Смех Афродиты. Роман о Сафо с острова Лесбос
Шрифт:

При виде отца Аттида мгновенно преобразилась — вскочила на ноги, распахнула объятия, и Фаний, добродушно смеясь, подхватил ее и посадил на плечи. (В памяти мигом всплыла сцена: Питтак и Андромеда… Это было еще в нашем милом дворике в Эресе… Сколько же лет прошло с тех пор? Девять? Десять?) Ноги у меня затекли; и я с трудом поднялась поприветствовать его, разглаживая складки на платье. Мика была до того поглощена своим делом, что даже не заметила его появления; когда же она оторвала глаза от портрета, чтобы свериться с моделью, ей пришлось с досады прикусить губу.

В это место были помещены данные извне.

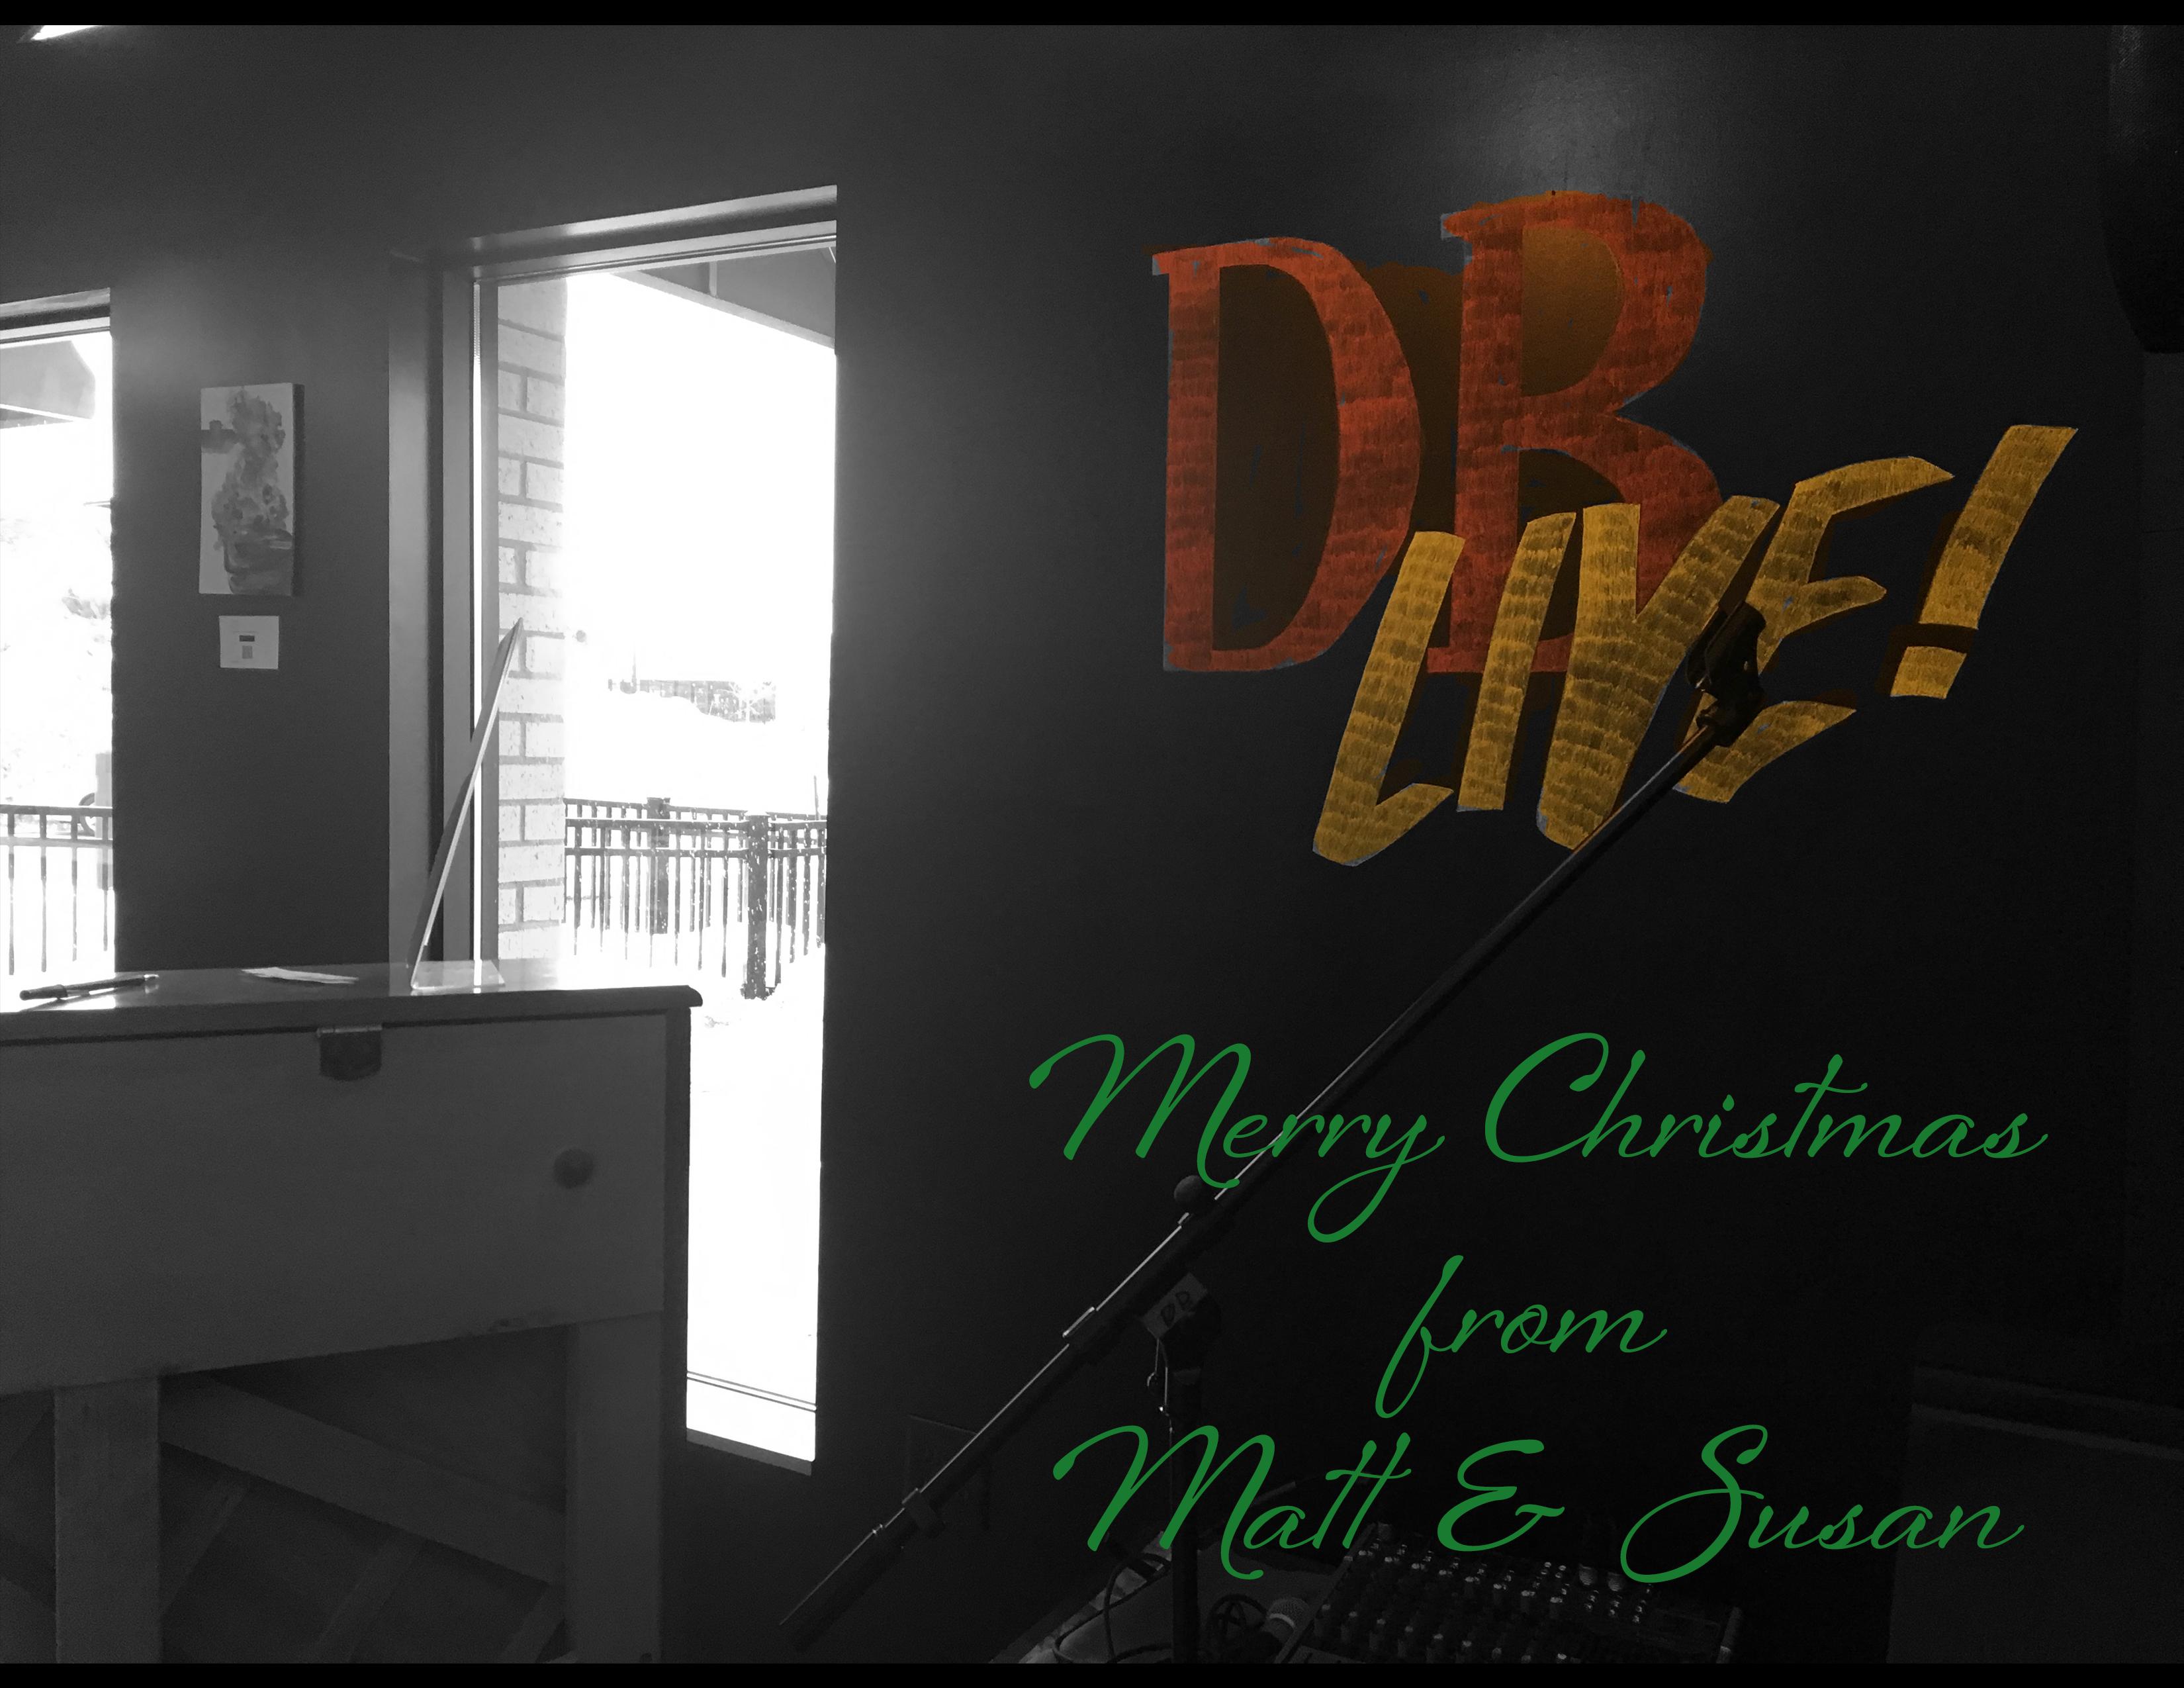 DB AH LIVE wall pic Christmas

— Ах, Сафо!. — воскликнула она, — Ну зачем же ты пошевелилась!

Фаний шагнул вперед и поцеловал ее в макушку. Она так и дернулась:

— Ах, папочка, прости! Я не замети…

— Тише, крошка. Не надо. — Тут его взгляд упал на портрет. Затем он перевел

глаза на меня и снова на портрет. — Хорошо, Мика. Очень хорошо.

Но чувствую, что-то не так. В его голосе заметен налет беспокойства.

— Правда, папа? Тебе действительно понравилось?

— Очень хорошо, — повторил он и направился ко мне. Аттида по-прежнему сидела у него на плечах. Он взял обе мои ладони в свои. (Однако же он не сказал, что понравилось!)

— Сафо, деточка, ты с каждым днем становишься все очаровательнее! Ну не странно ли, что талант и внешняя красота так редко уживаются в одном человеке! Право, очень уж ревнивые создания — боги! Ну, рассказывай без утайки, как тебе удалось обезоружить их?

Весь этот свой учтивый монолог он произносил, согнувшись в довольно неудобной позе — я такая крошка, он такой высоченный — и не выпуская моих рук из своих. Я подумала (но не сказала), что если бы и в самом деле обладала даром обезоружить богов, то лучше бы попросила сделать меня этак на голову выше ростом.

Улыбаюсь, скромно опустив ресницы, вежливо приседаю и отхожу в сторону. Аттида бросает мне быструю озорную улыбку. Мика, когда не занята живописью, снова становится нервической двенадцатилетней девчонкой, так что меня даже пронзает искорка жалости.

— Можно глянуть, Мика?

— Не знаю. Не думаю, что он окончен.

— Окончен, — сказал Фаний (не пойму, мне или дочери). — Вполне окончен.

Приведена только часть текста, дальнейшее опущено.